> _About this task_:
Please set down only the lines below starting with the line with "LeChat Nobility Gel" and going on through the line with "BLOCH Dance Women's", verbatim and without pictures.

> _Dataset excerpts_:
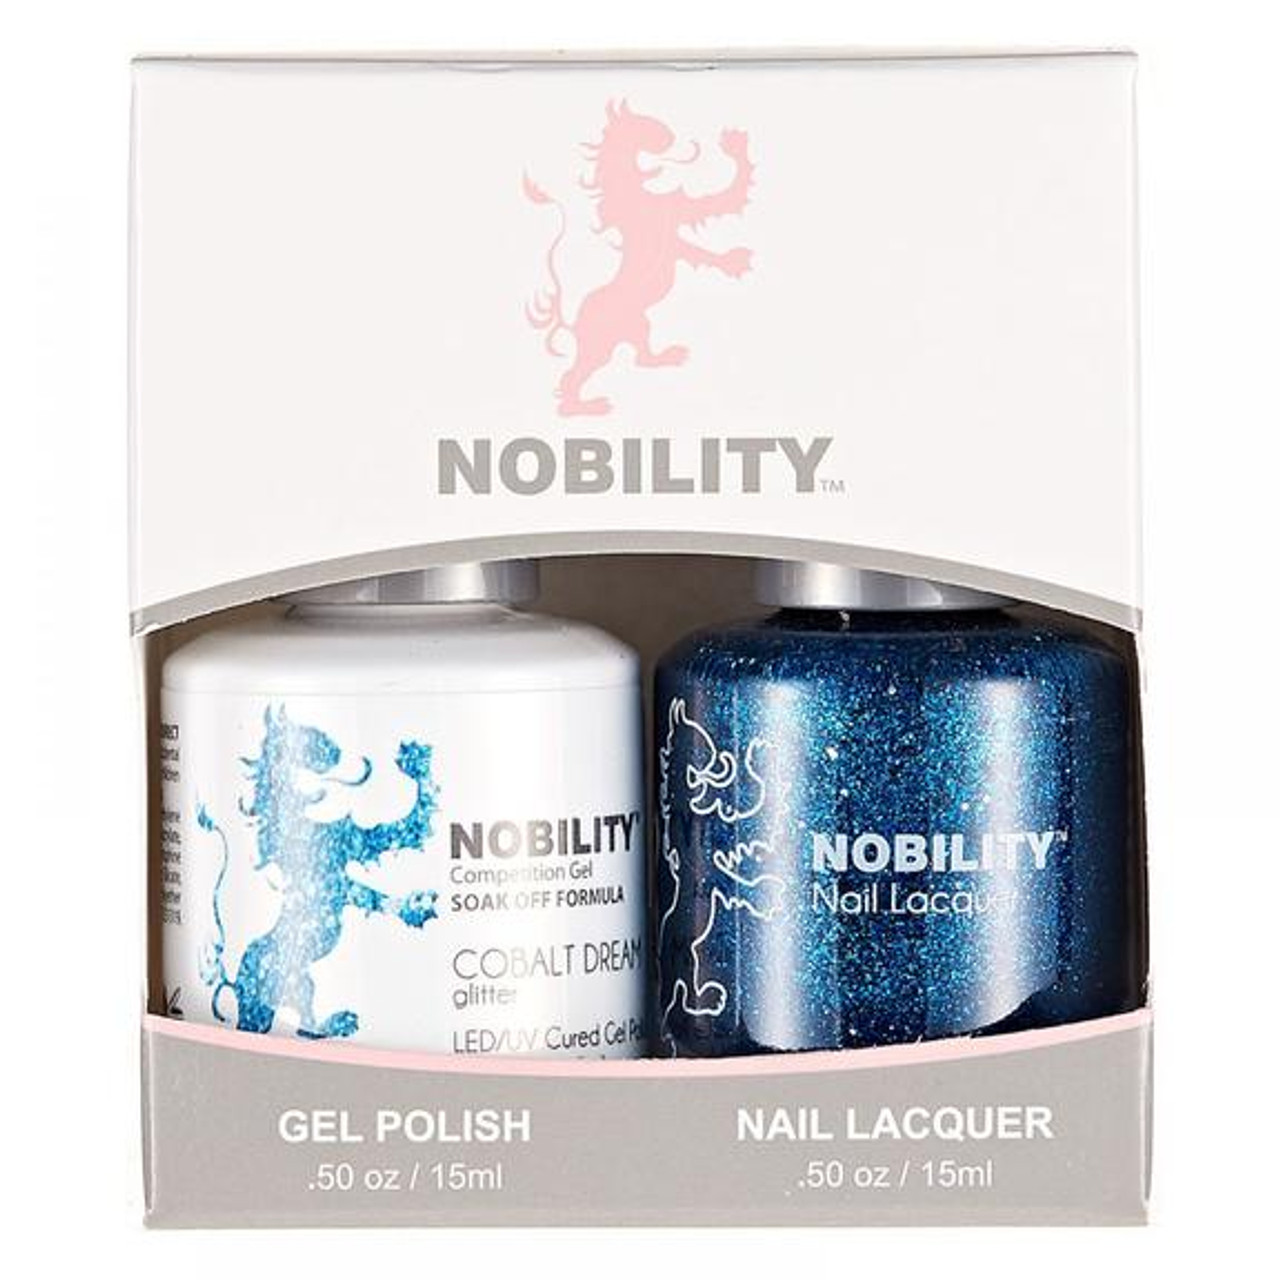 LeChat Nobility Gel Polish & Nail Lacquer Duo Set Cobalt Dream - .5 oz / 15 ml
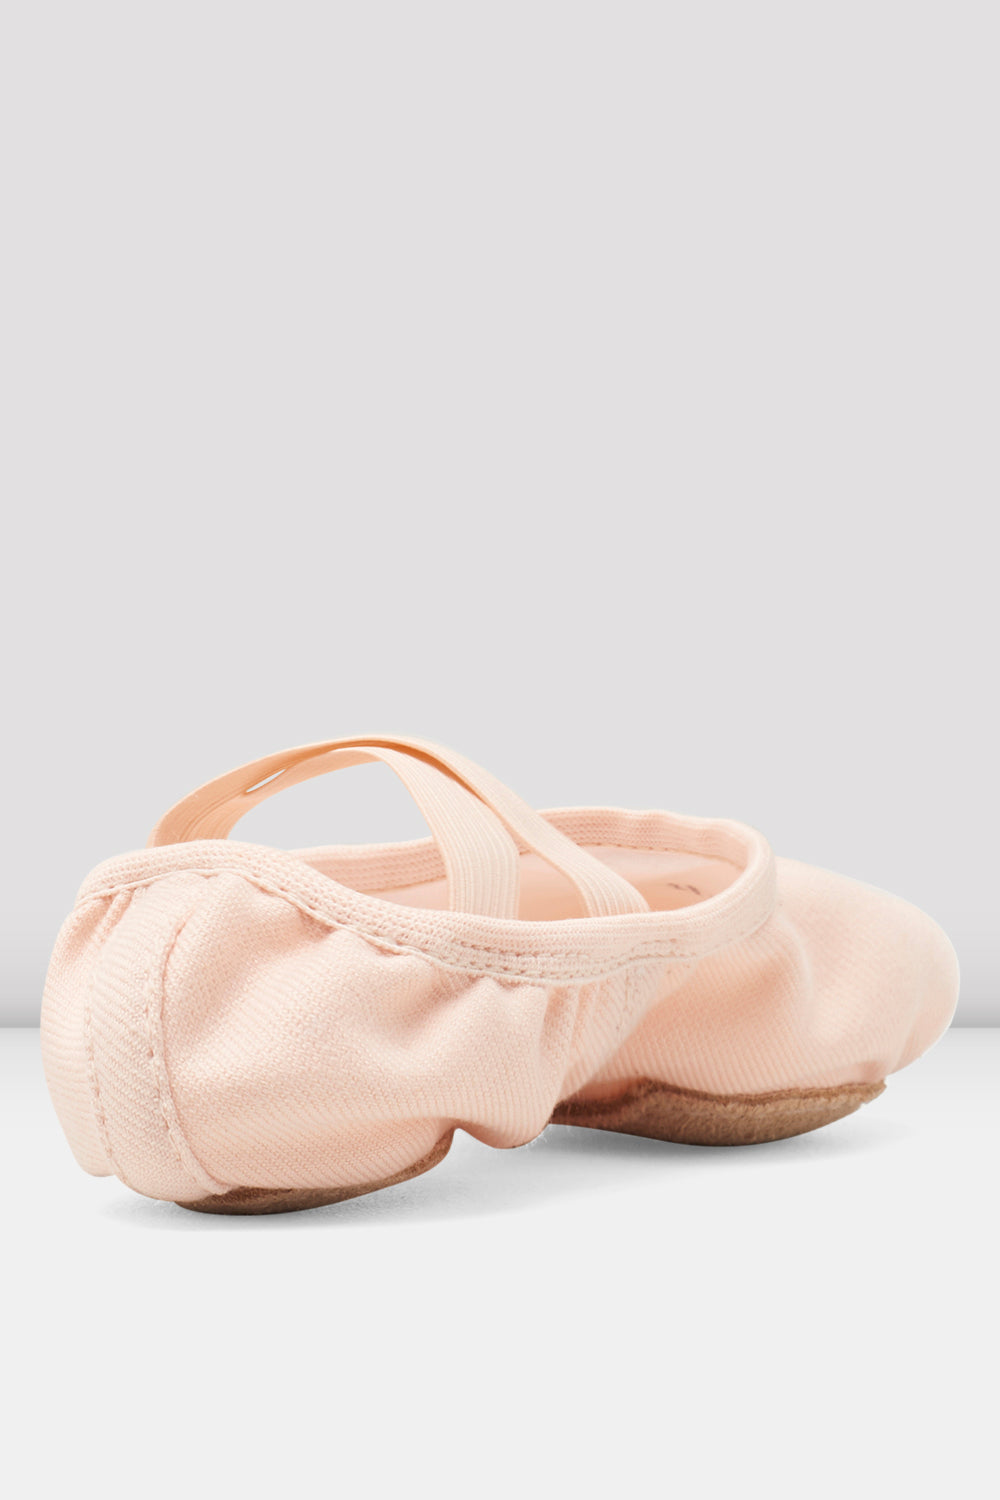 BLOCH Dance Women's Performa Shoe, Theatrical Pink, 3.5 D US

==

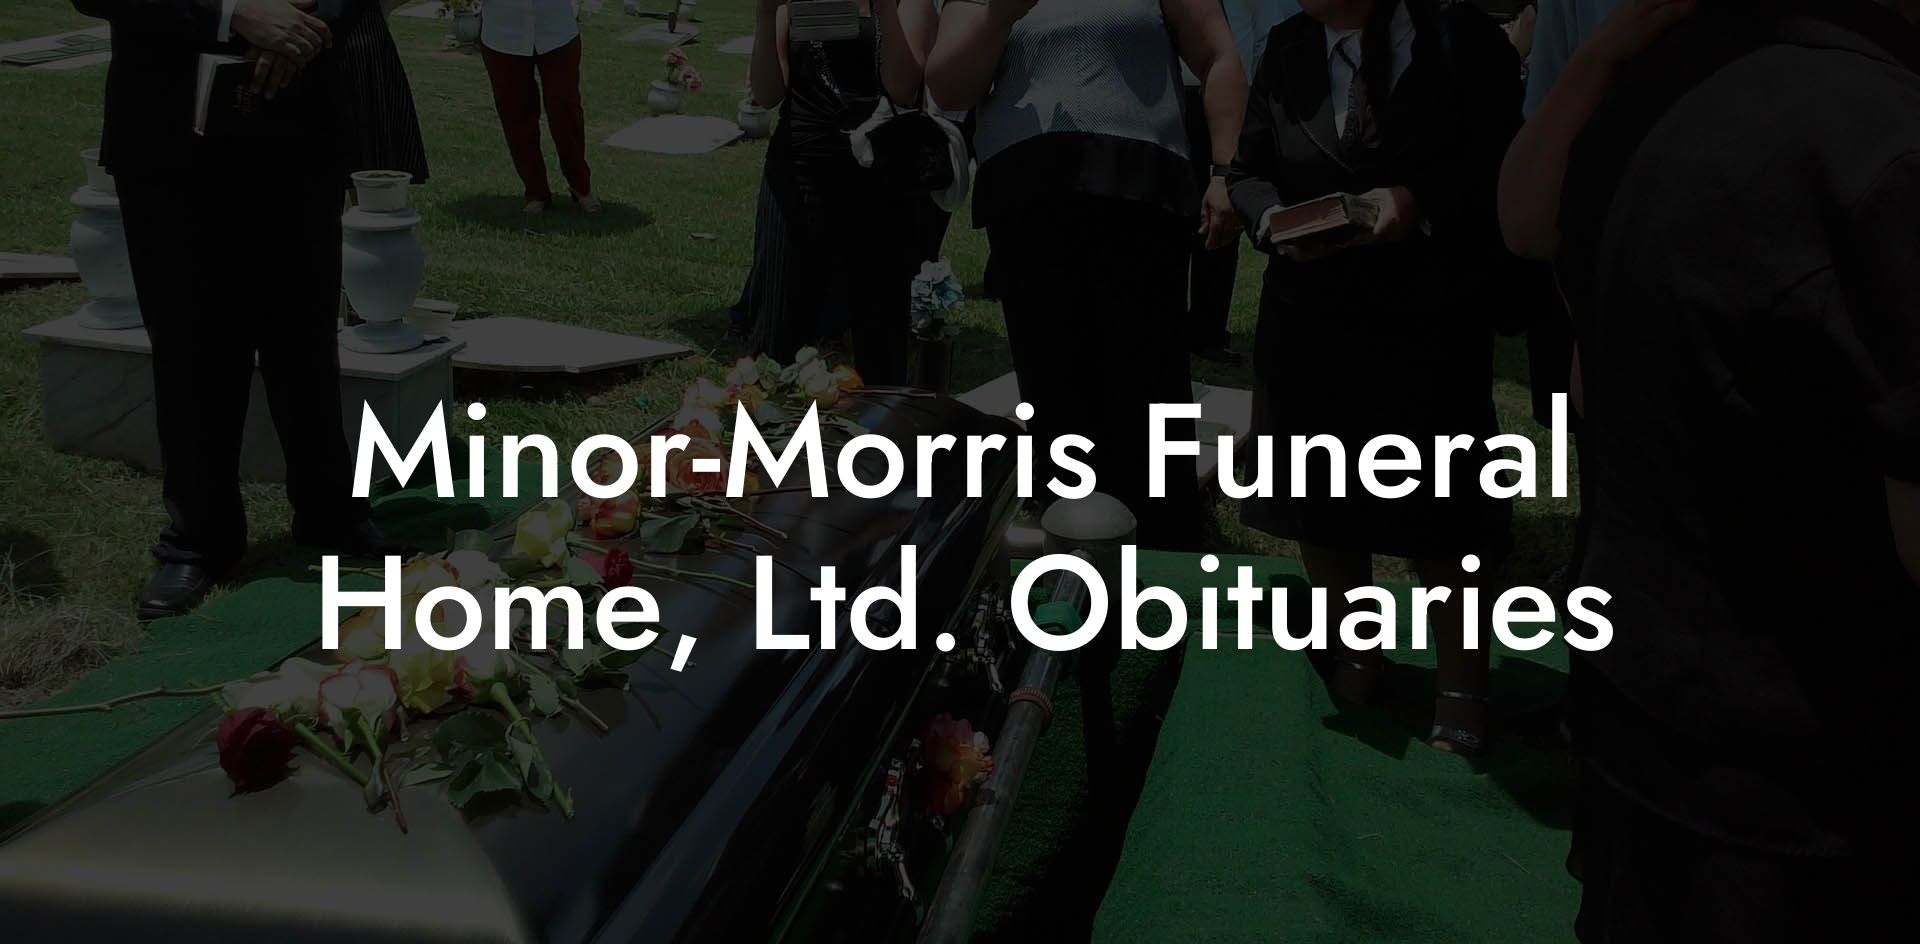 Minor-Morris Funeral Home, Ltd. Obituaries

> _Expected answer_:
 LeChat Nobility Gel Polish & Nail Lacquer Duo Set Cobalt Dream - .5 oz / 15 ml
 BLOCH Dance Women's Performa Shoe, Theatrical Pink, 3.5 D US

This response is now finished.